Parsing challenge...

A

Artco News

I thought I ask the scripting guru about the following.

I have a file containing records of data with the following format(first
column is the label):

CODE#1^DESCRIPTION^CODE#2^NOTES
NN-110^an info of NN-001^BRY234^some notes
NN-111^1st line data
2nd line data
3rd line data^BRT345^another notes
NN-112^description of NN-112^BBC23^multiline
notes blah
blah
blah
NN-113^info info^MNO12^some notes here

How do I parse so I can insert them in the database, e.g. MySQL/Access?

Perhaps there are an advanced scripting language can do this easily.

Thanks
 
A

Ara.T.Howard

I thought I ask the scripting guru about the following.

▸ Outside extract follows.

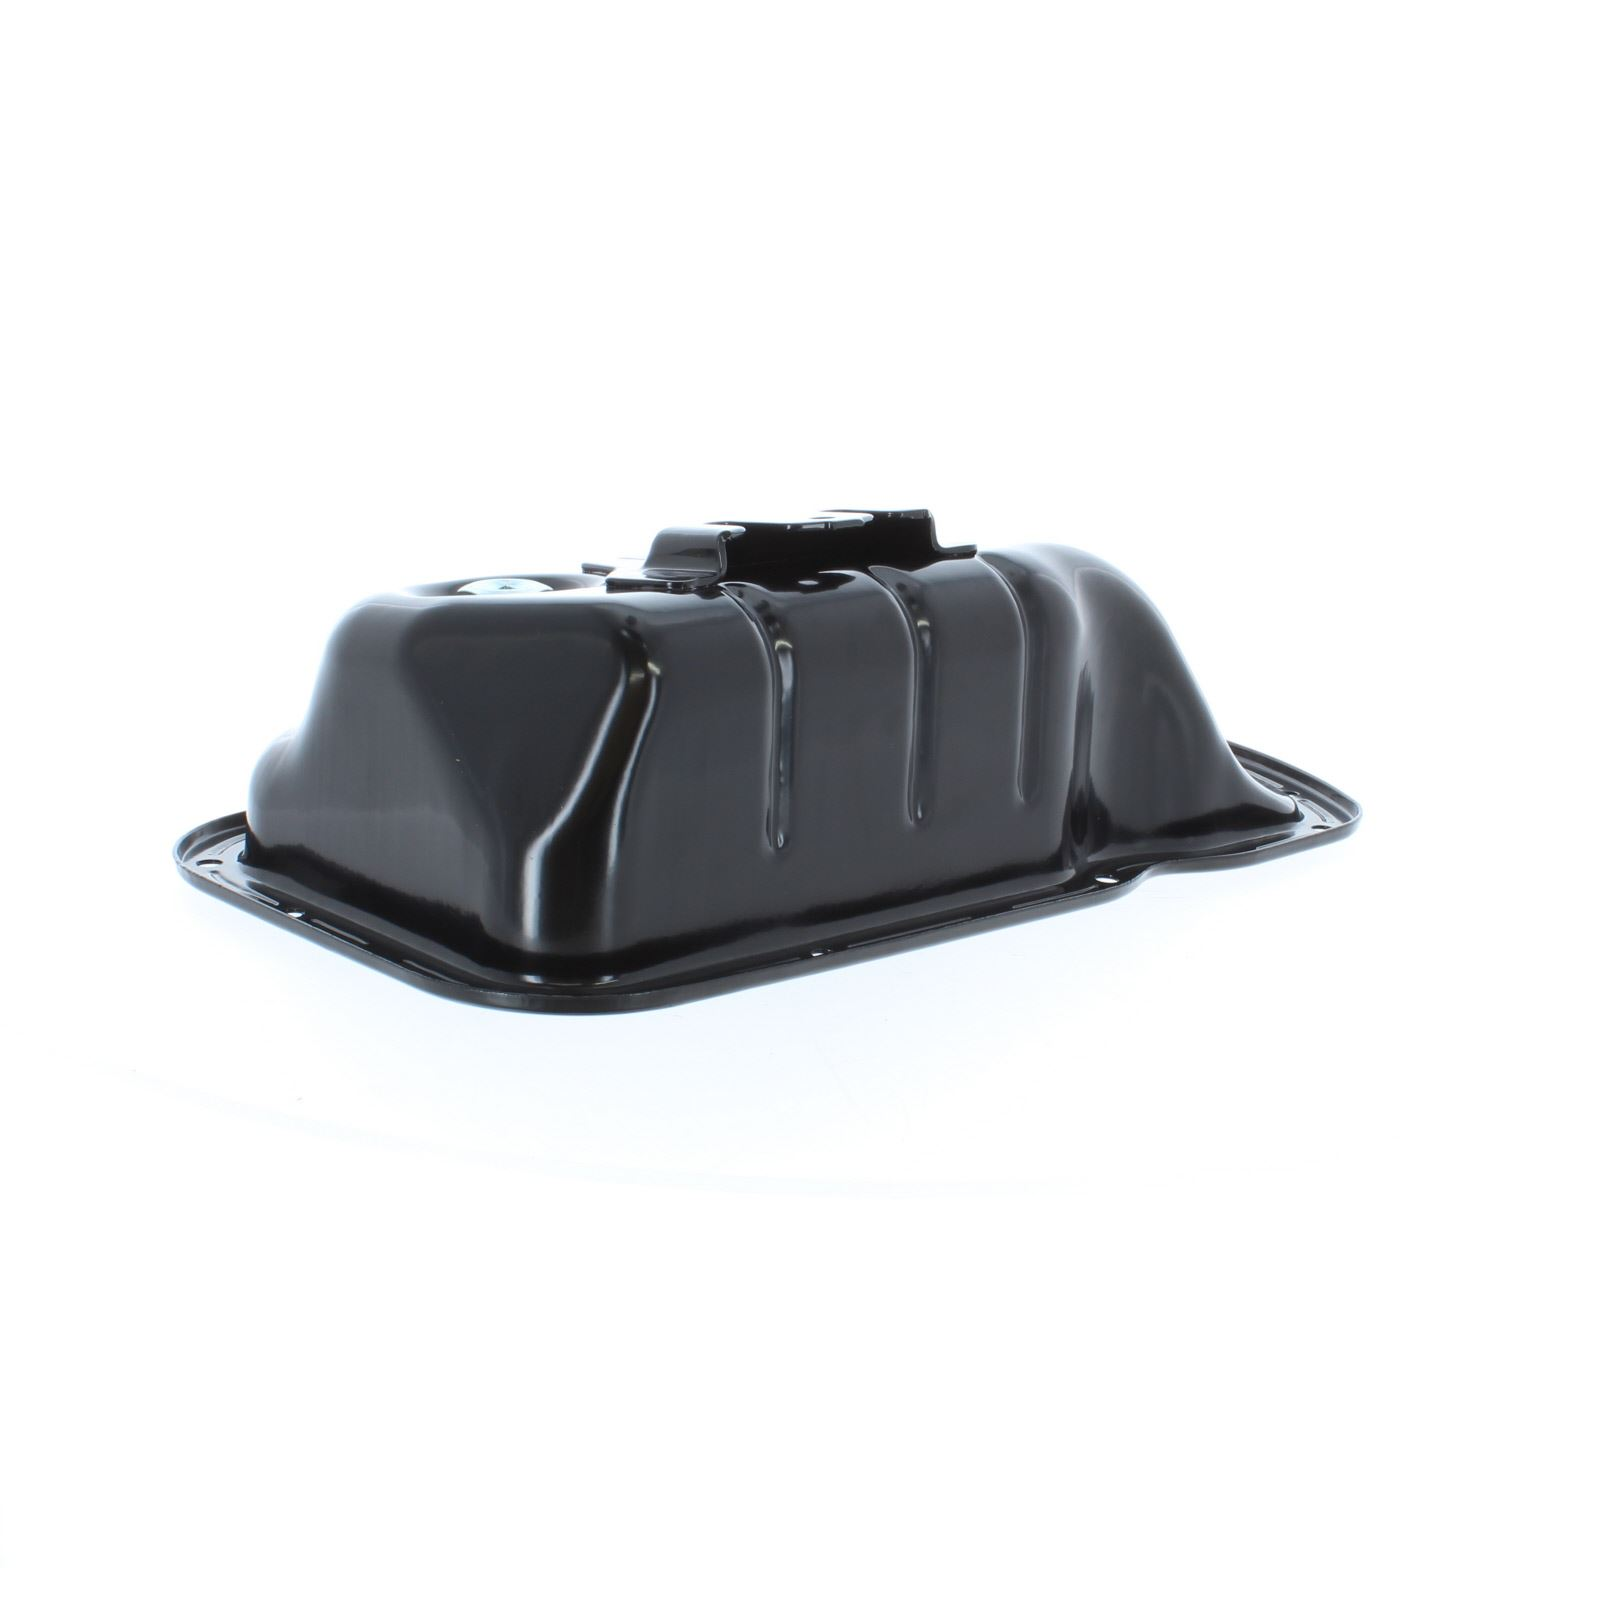 CITROEN C2 2003-2010 1.4L PETROL ENGINE SUMP STEEL PAN INC BRACKET

I have a file containing records of data with the following format(first
column is the label):

CODE#1^DESCRIPTION^CODE#2^NOTES
NN-110^an info of NN-001^BRY234^some notes
NN-111^1st line data
2nd line data
3rd line data^BRT345^another notes
NN-112^description of NN-112^BBC23^multiline
notes blah
blah
blah
NN-113^info info^MNO12^some notes here

How do I parse so I can insert them in the database, e.g. MySQL/Access?

Perhaps there are an advanced scripting language can do this easily.

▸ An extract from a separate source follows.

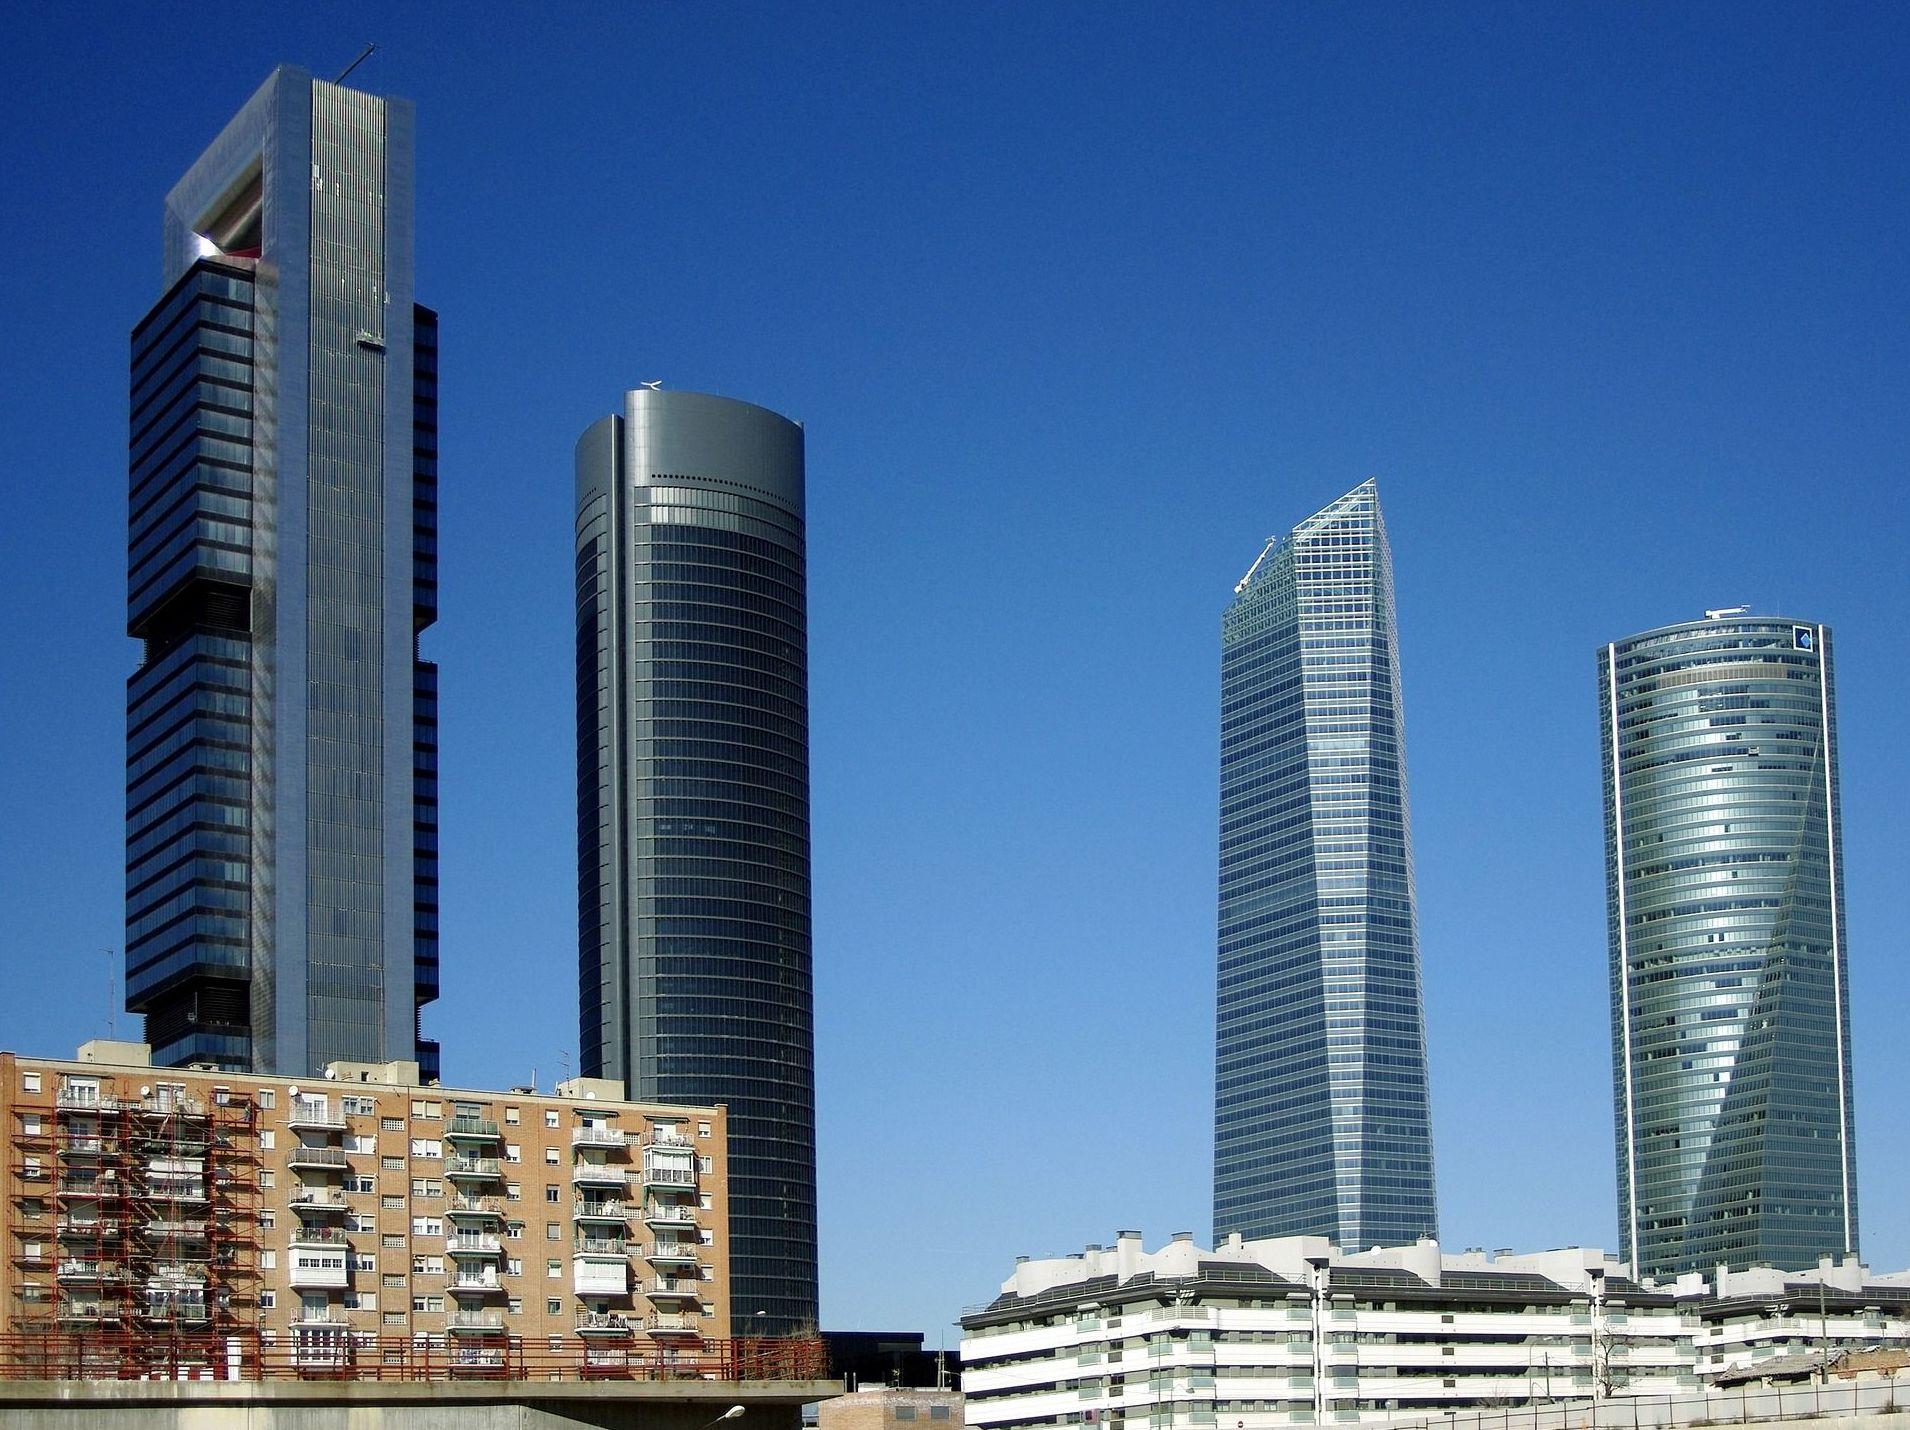 Clases de inglés zona cuatro torres

ruby is one of the more advanced :)

~/eg/ruby > cat ./parse.rb

#!/usr/bin/env ruby

txt = <<-txt
CODE#1^DESCRIPTION^CODE#2^NOTES
NN-110^an info of NN-001^BRY234^some notes
NN-111^1st line data
2nd line data
3rd line data^BRT345^another notes
NN-112^description of NN-112^BBC23^multiline
notes blah
blah
blah
NN-113^info info^MNO12^some notes here
txt


pat = %r{([^^]+)\^([^^]+)\^([^^]+)\^([^^]+)\n}mox
tuples = txt.scan pat

tuples.map{|tuple| p tuple}


~/eg/ruby > ./parse.rb

[" CODE#1", "DESCRIPTION", "CODE#2", "NOTES"]
[" NN-110", "an info of NN-001", "BRY234", "some notes"]
[" NN-111", "1st line data\n 2nd line data\n 3rd line data", "BRT345", "another notes"]
[" NN-112", "description of NN-112", "BBC23", "multiline\n notes blah\n blah\n blah"]
[" NN-113", "info info", "MNO12", "some notes here"]

-a
====================================
| Ara Howard
| NOAA Forecast Systems Laboratory
| Information and Technology Services
| Data Systems Group
| R/FST 325 Broadway
| Boulder, CO 80305-3328
| Email: (e-mail address removed)
| Phone: 303-497-7238
| Fax: 303-497-7259
| The difference between art and science is that science is what we understand
| well enough to explain to a computer. Art is everything else.
| -- Donald Knuth, "Discover"
| ~ > /bin/sh -c 'for lang in ruby perl; do $lang -e "print \"\x3a\x2d\x29\x0a\""; done'
====================================
 
P

Paulus Magnus

Artco News said:
I thought I ask the scripting guru about the following.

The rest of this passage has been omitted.